§ **ASSIGNMENT**
Everything from the "Common Wasp Nest" line to the final line of the listing should be written out exactly. Skip the pictures.

SOURCE MATERIAL: Begin

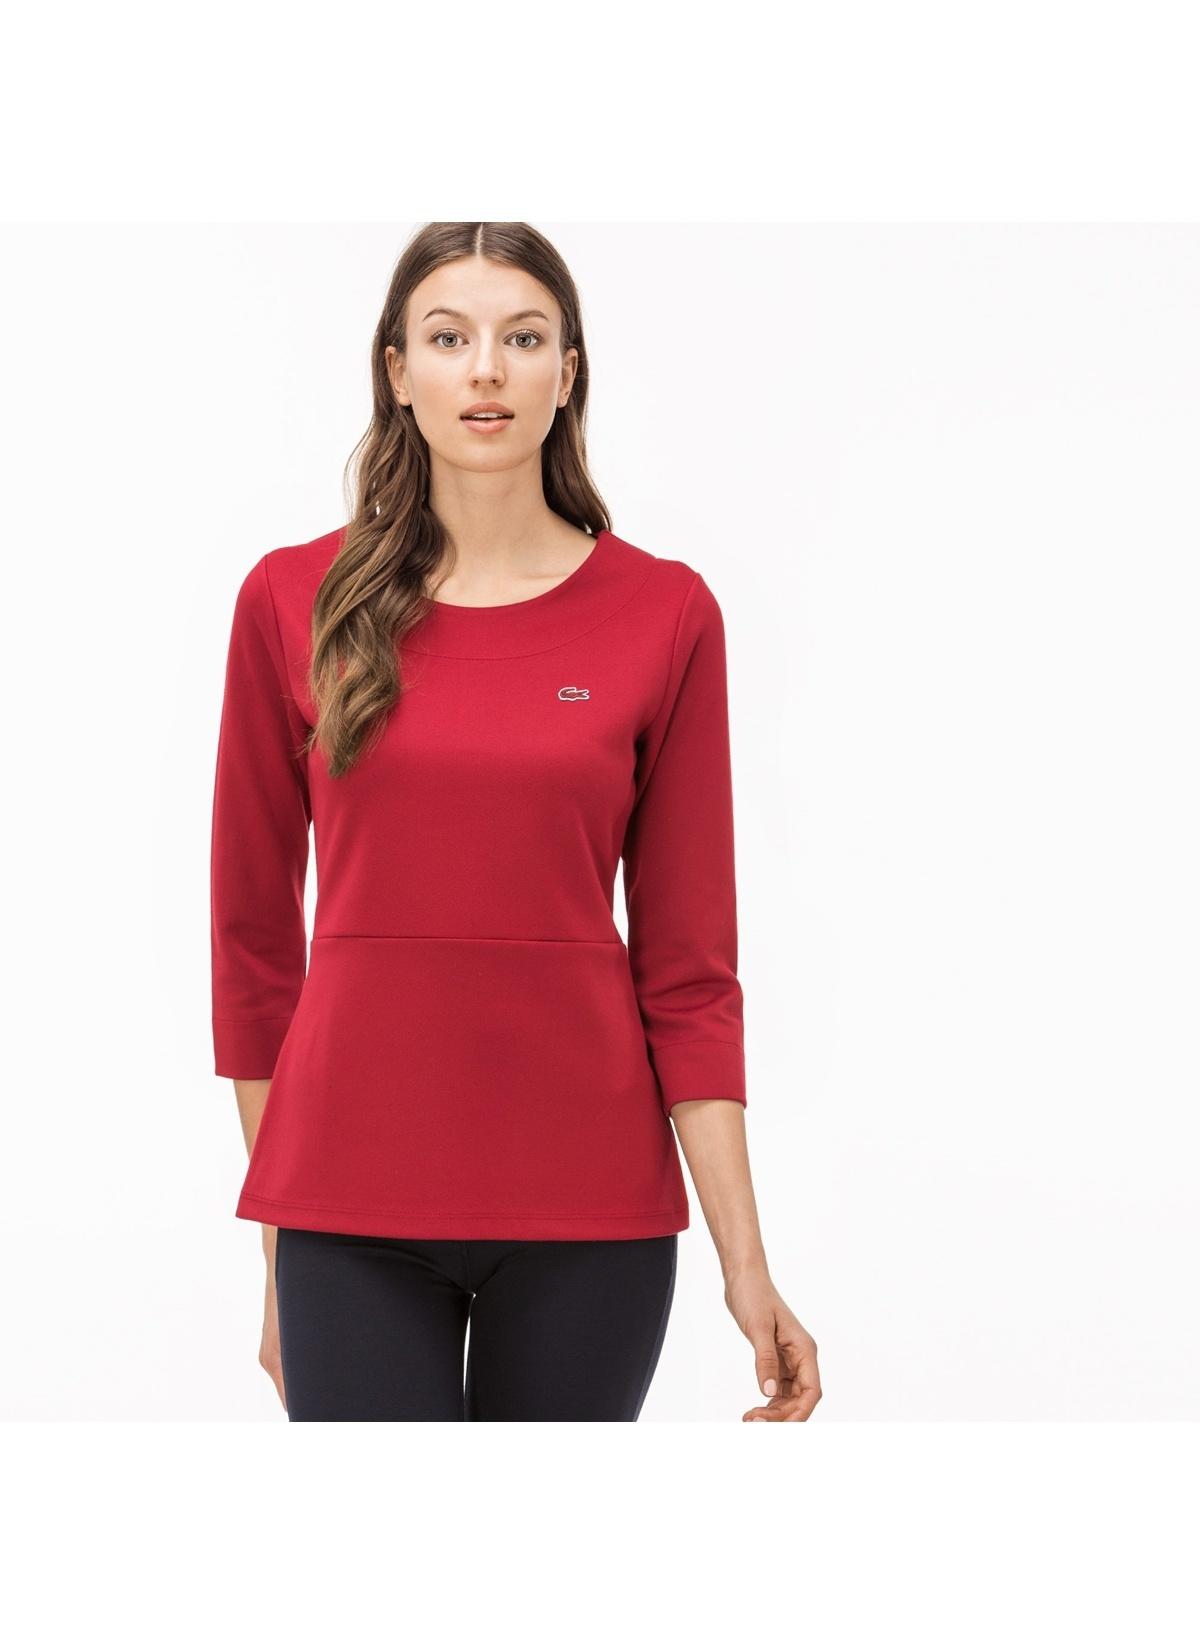 Lacoste Tişört Tf1904.04r T-shirt – 322.0 TL
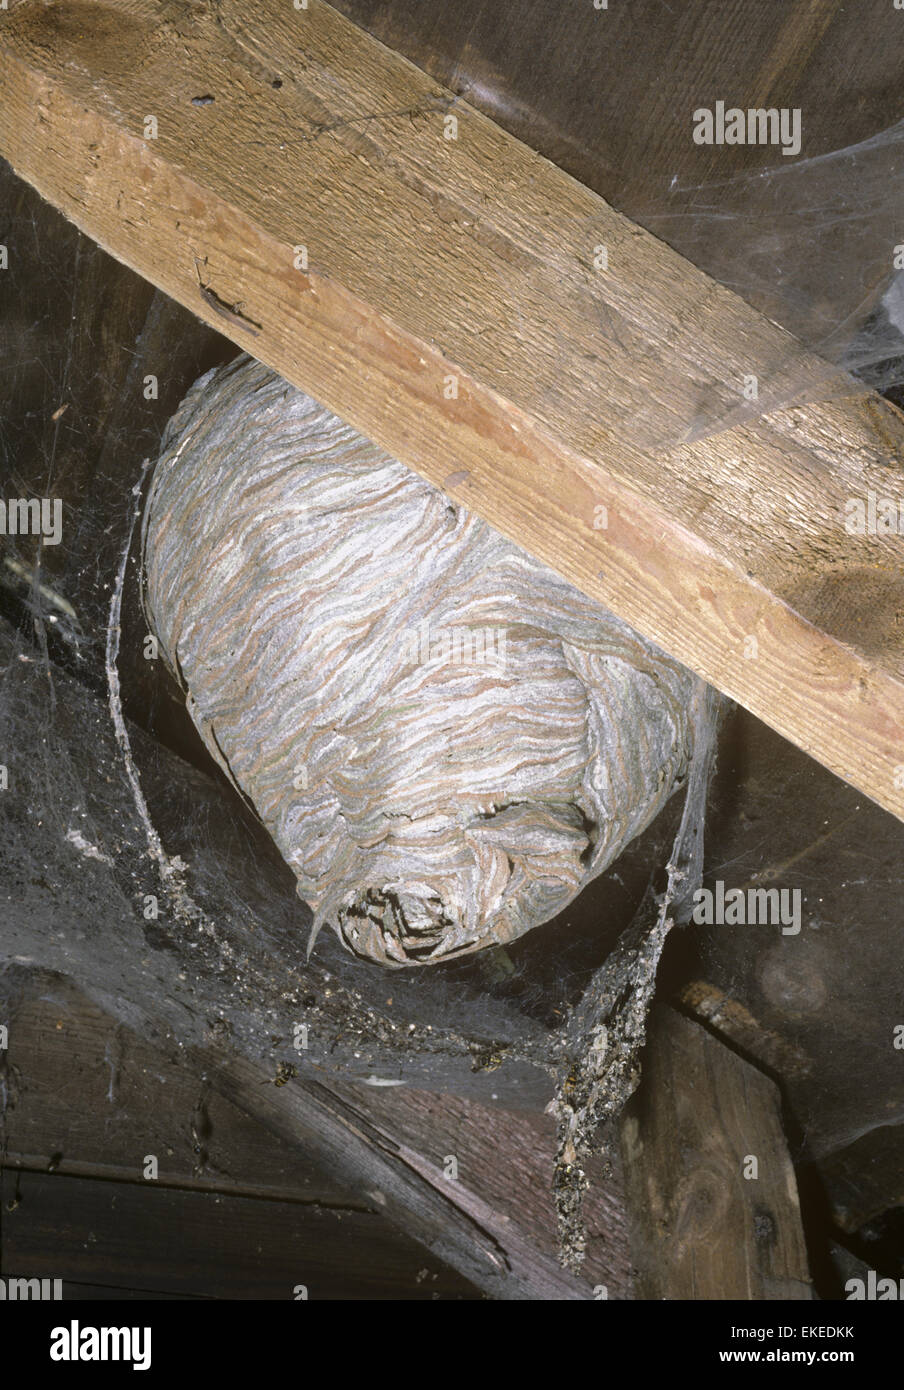 Common Wasp Nest - Vespa vulgaris - Stock Image
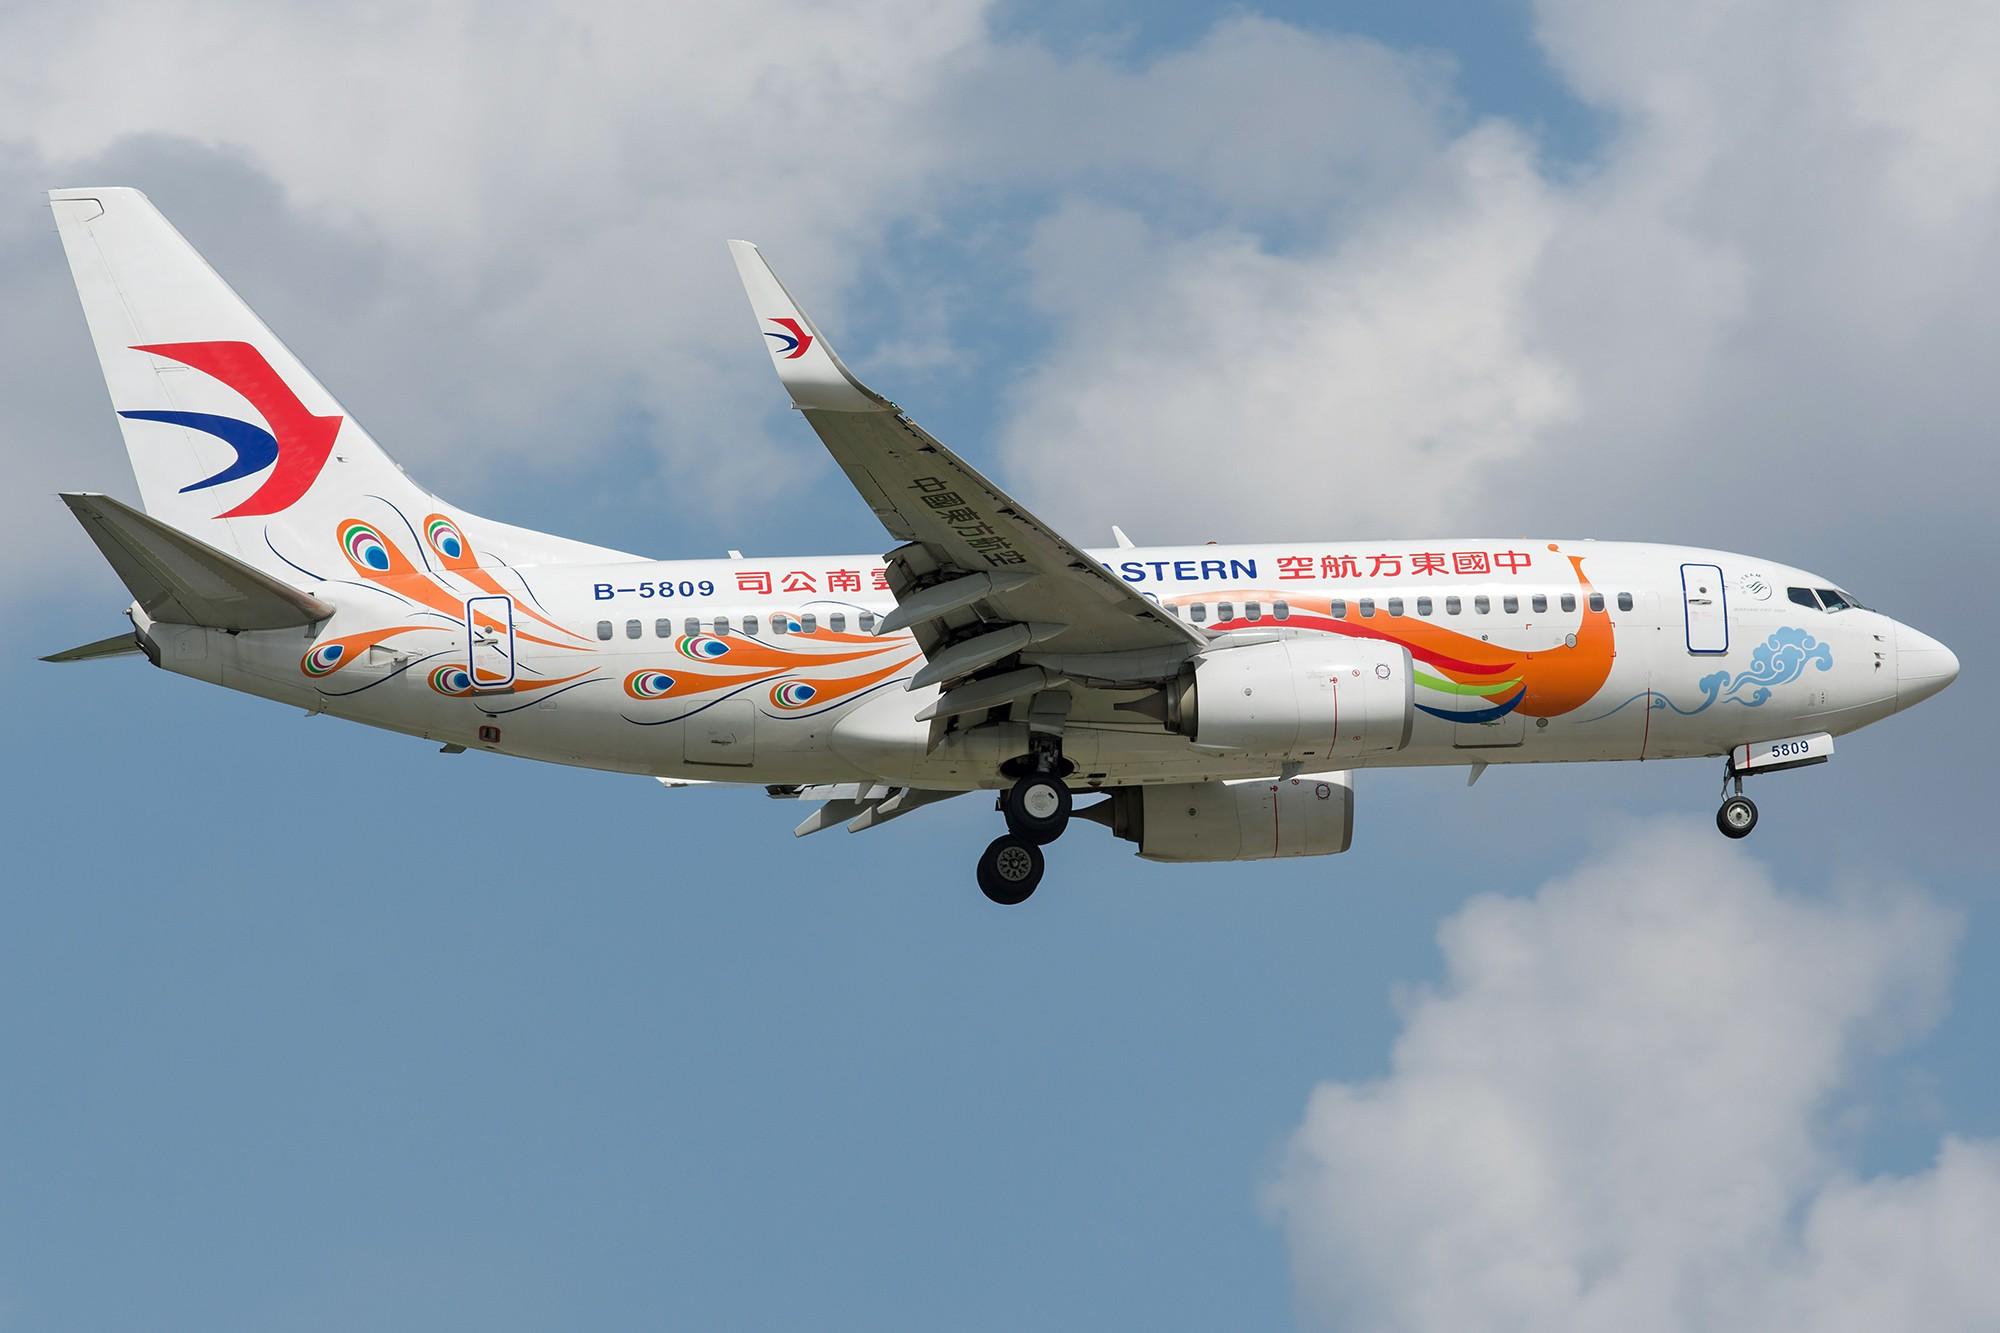 Re:[原创][SHA]蓝天白云下737一组 BOEING 737-700 B-5809 中国上海虹桥国际机场
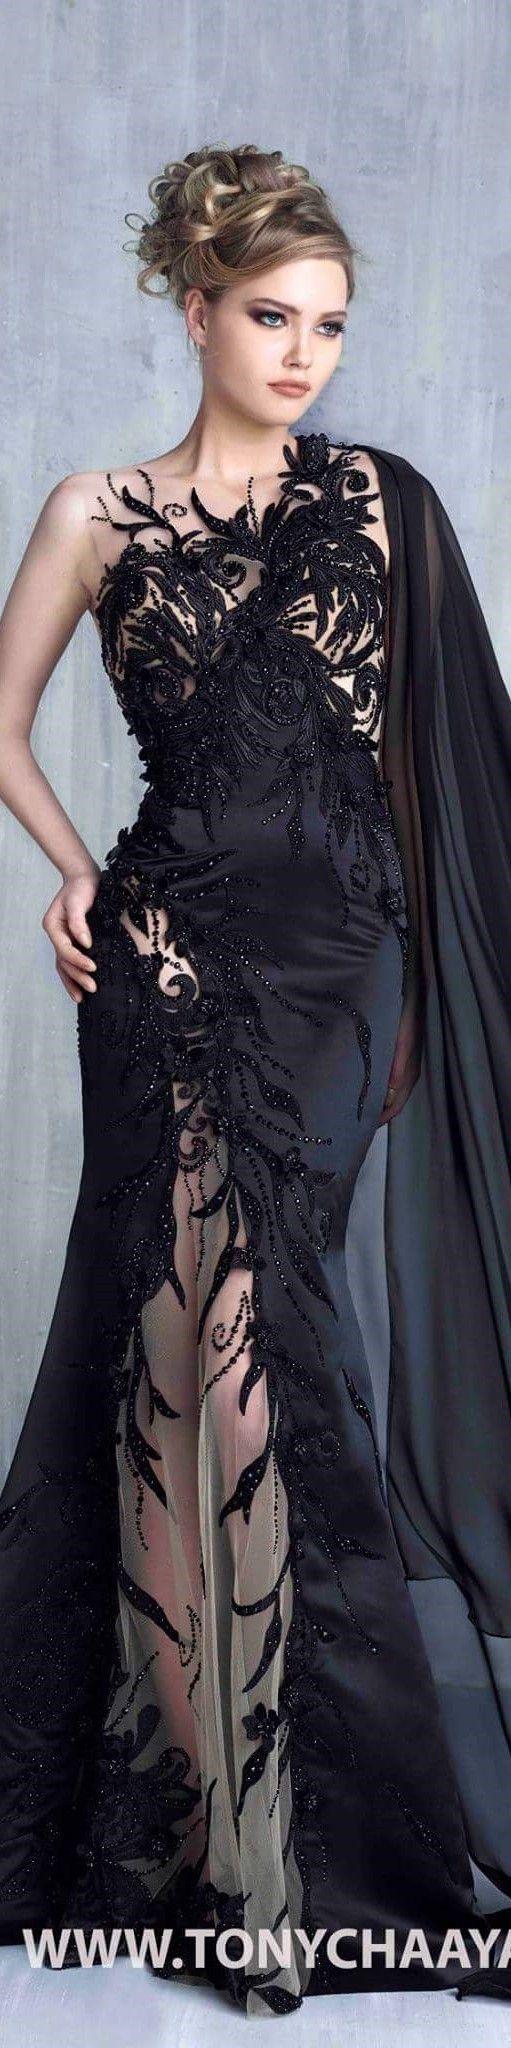 Tony Chaaya couture 2016 ❤️
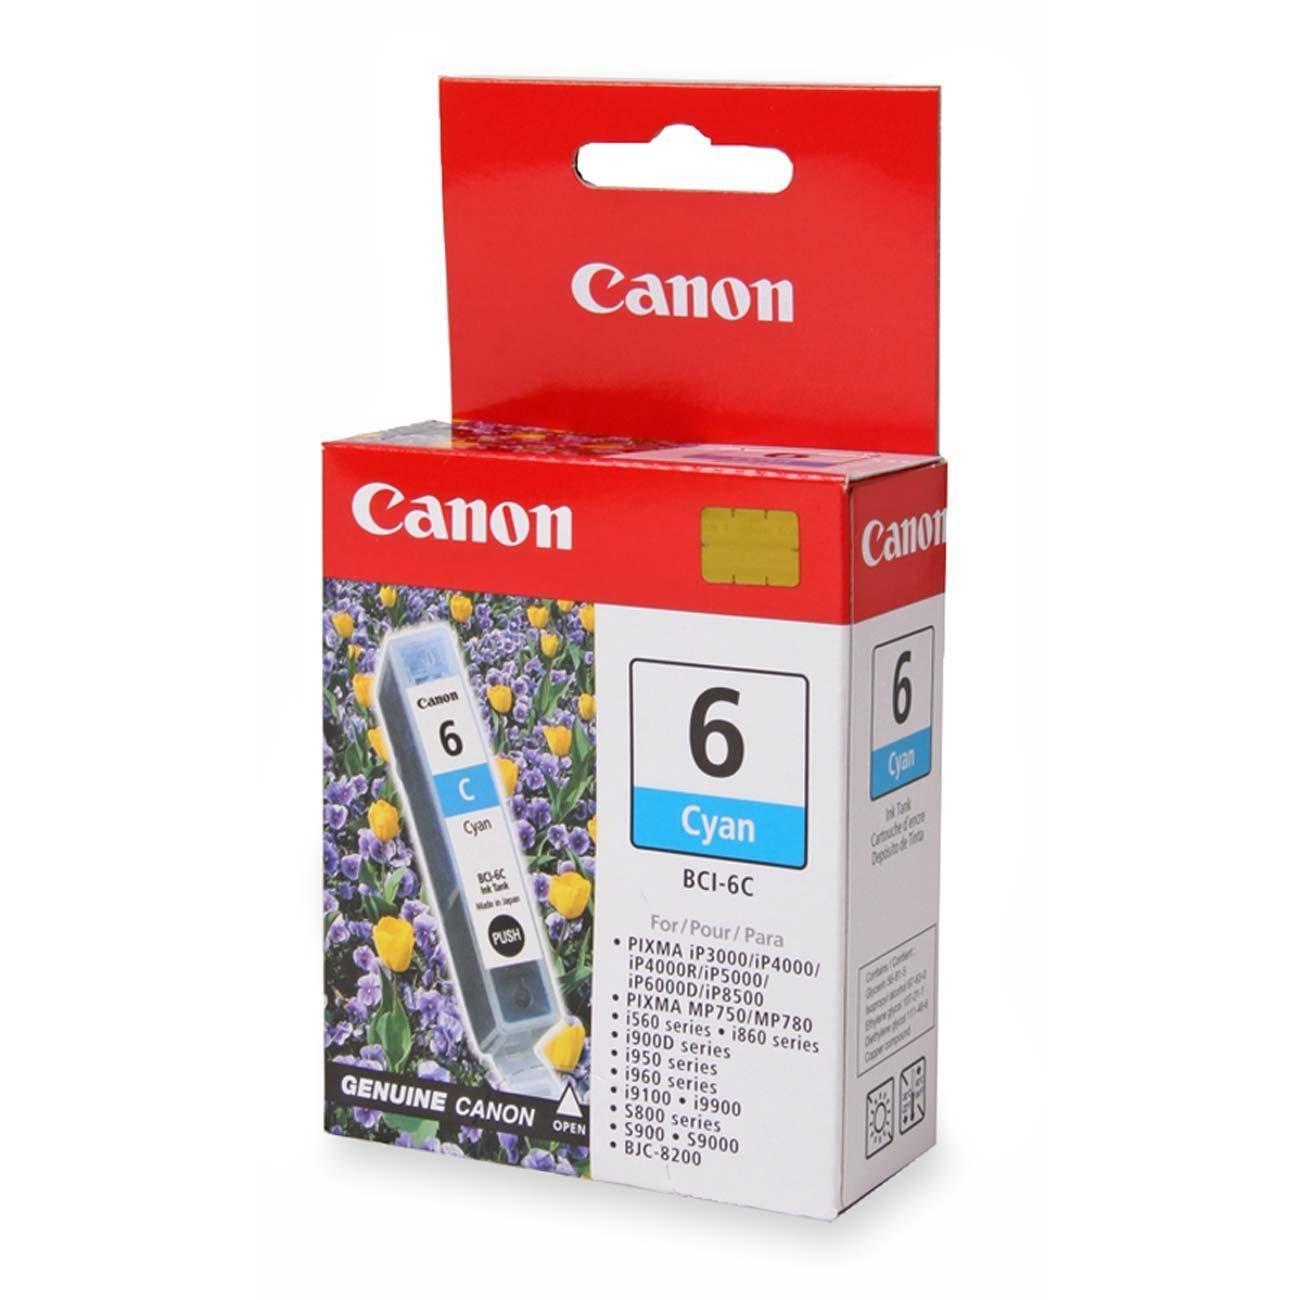 Canon BCI-6C Original Ink Cartridge - Cyan

SOURCE MATERIAL: End

§ **RESULT**
 Common Wasp Nest - Vespa vulgaris - Stock Image
 Re:[原创][SHA]蓝天白云下737一组 BOEING 737-700 B-5809 中国上海虹桥国际机场
 Tony Chaaya couture 2016 ❤️
 Canon BCI-6C Original Ink Cartridge - Cyan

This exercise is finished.